Method for injecting fuel into an internal-combustion engine

Abstract

A method for injecting fuel into an internal-combustion engine. In a method for operating an injection system, injection into the individual cylinders is carried out by groups before a synchronization time at which the position of the individual signals is known on the basis of two transmitters. The groups are selected such that an injection into an open intake valve is avoided. Upon transition to the normal, sequential injection, the first cylinder into which injection is carried out is identified such that no double injection at a cylinder occurs. This method avoids a lengthening of the start time due to the lack of injection and also avoids an increased exhaust emission due to bank injection before the synchronization time.

Description

BACKGROUND OF THE INVENTION

The present invention is directed to a method for injecting fuel into the cylinders of a multi-cylinder internal-combustion engine.

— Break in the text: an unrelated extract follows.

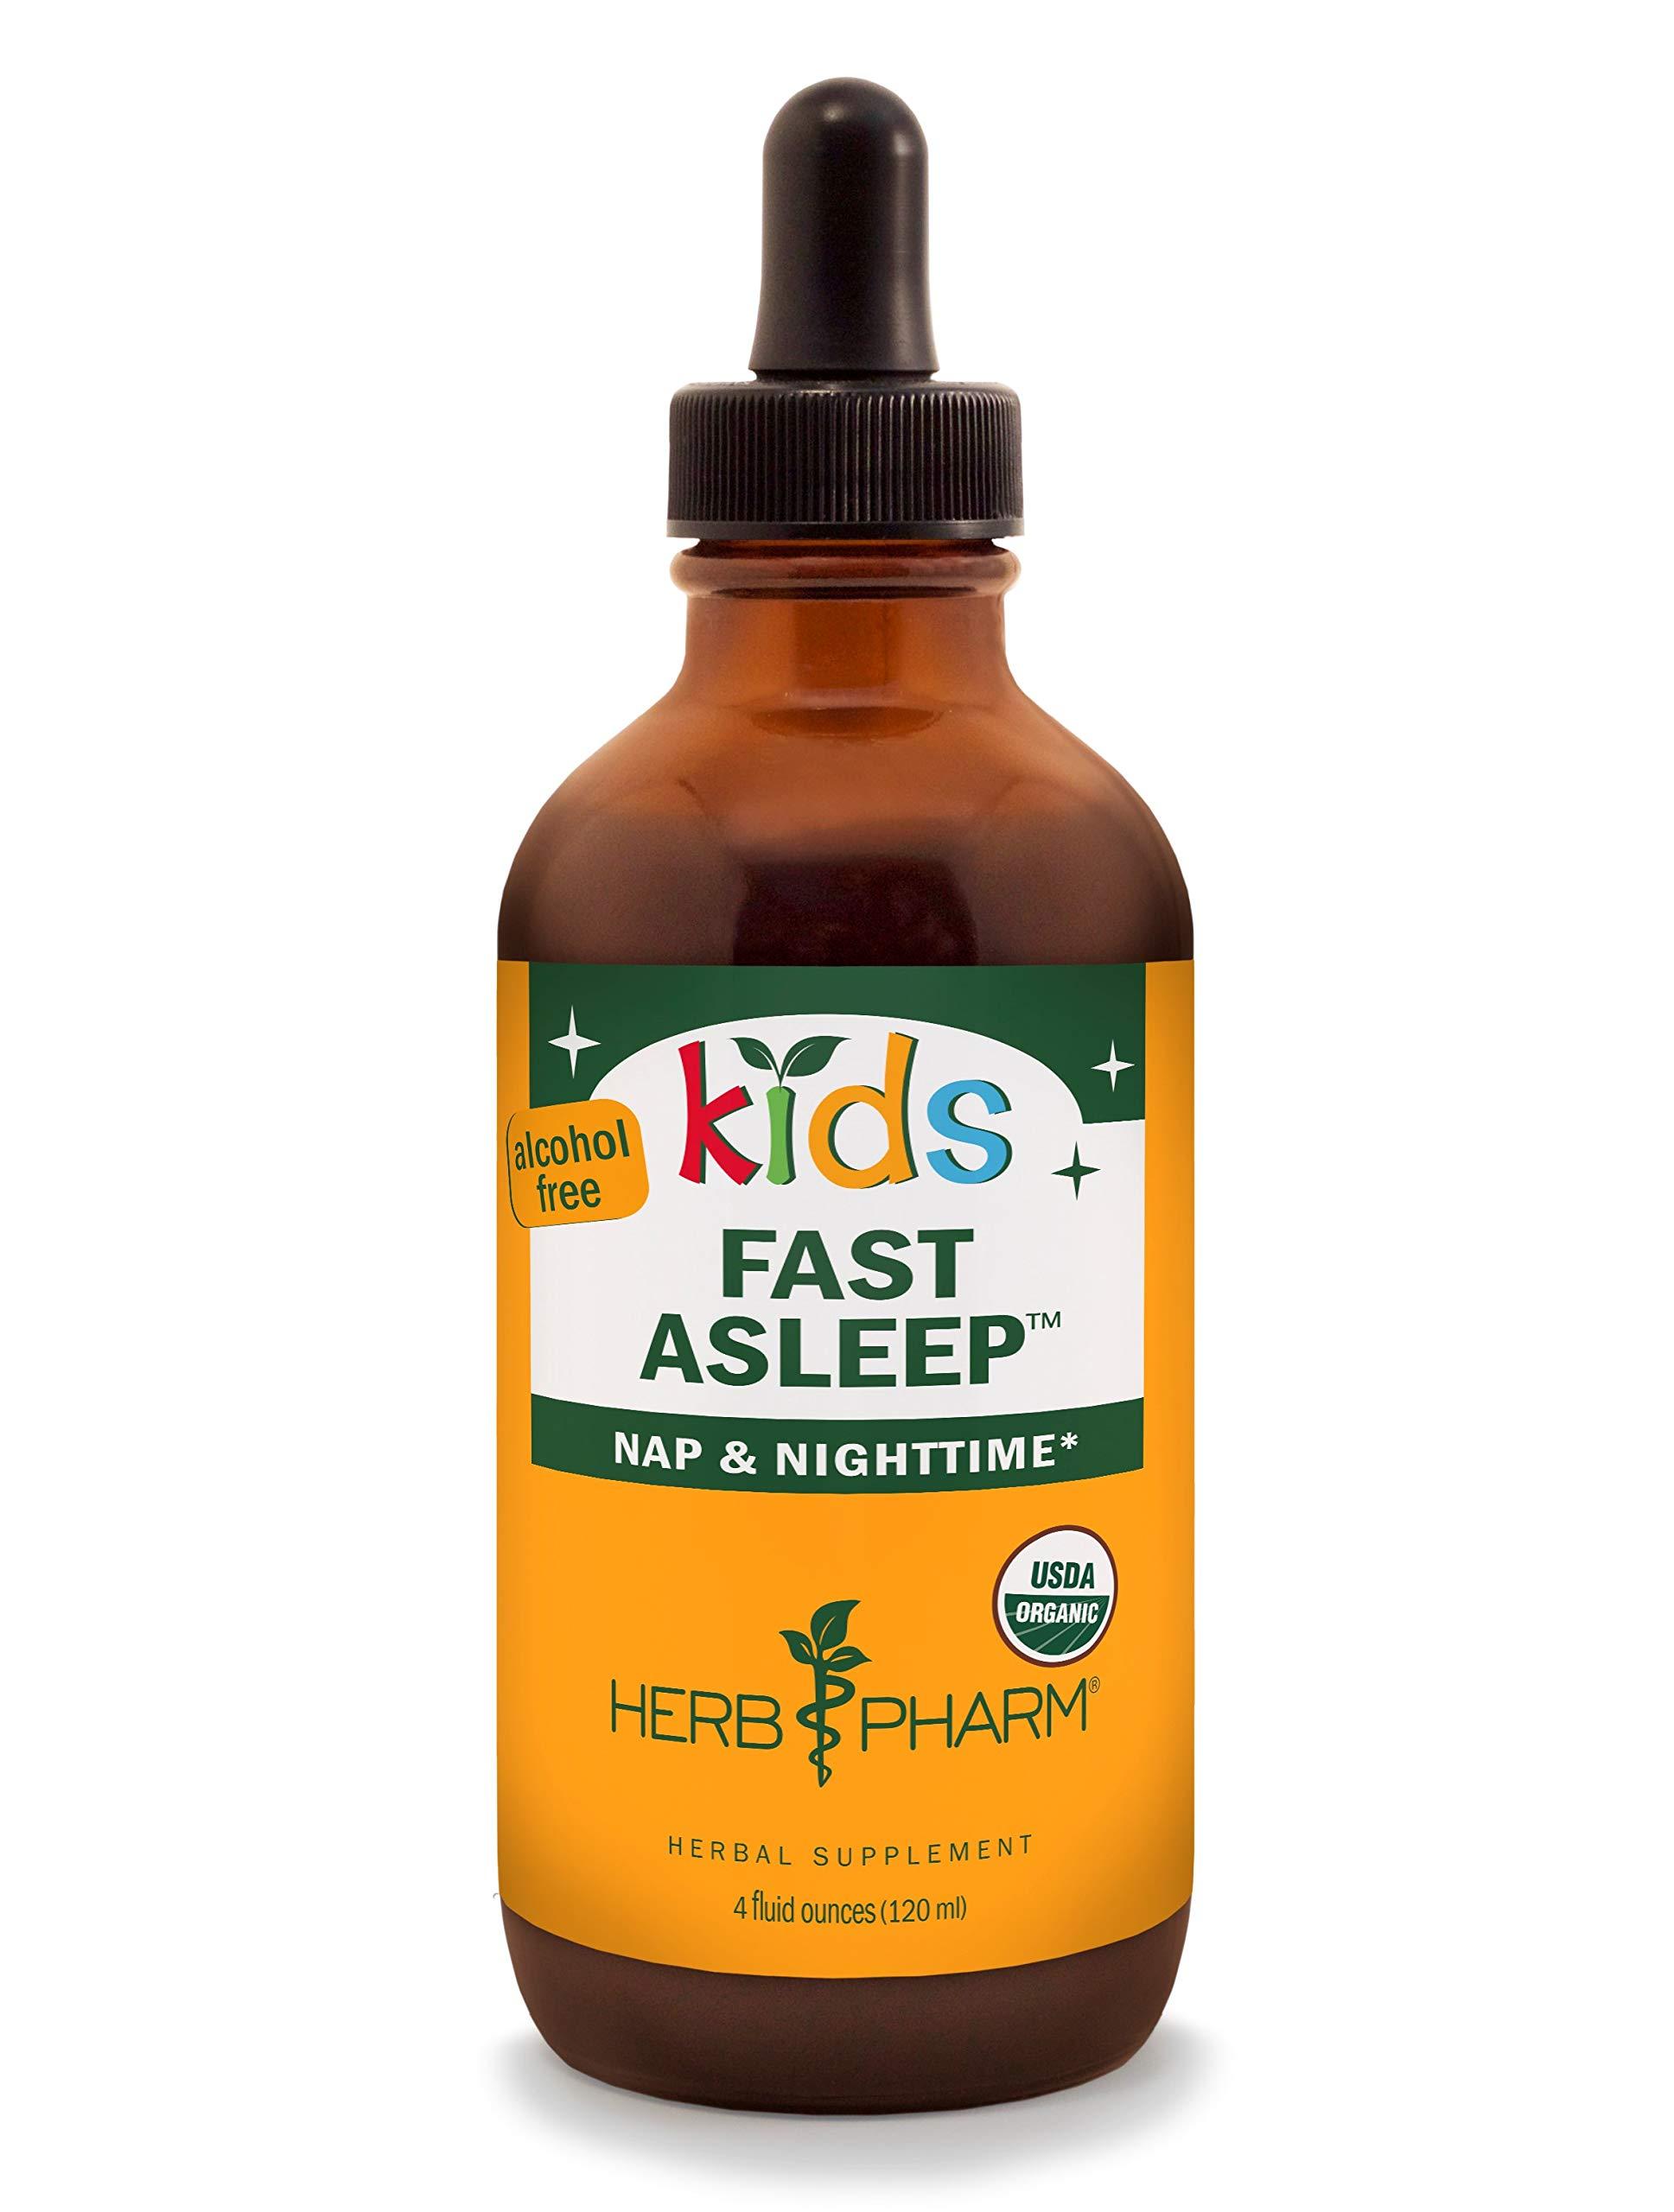 Herb Pharm Kids Certified-Organic Alcohol-Free Fast Asleep Liquid Herbal Formula, 4 Ounce

In a four-cycle internal combustion engine, the crankshaft can cover an angle of 720.degree. dependent on a working cycle, i.e., it executes two full revolutions before a specific cylinder returns to the same working position, for example, at the next ignition time. In order to acquire a momentary position of a cylinder, it is not adequate to identify the angular position of the crankshaft within only a full revolution. Additional information is needed as to whether the engine is currently in a first half or in a second half of the operating cycle, corresponding to the first or second crankshaft revolution.

To that end, it is known in the prior art to provide a static position transmitter whose periodic position signal is composed of two sub-signals, an A-signal and a B-signal that each alternately extend over a full crankshaft revolution. A position transmitter additionally supplies a position signal with a reference pulse per revolution of the crankshaft from which a known angular position, the synchronization position, is identified. In combination with the position signal, the position of the cylinder of the internal-combustion engine can be known precisely only with the detection of the reference pulse and a synchronization of electrical control functions, such as ignition, injection, etc., and the synchronization of the cylinder positions.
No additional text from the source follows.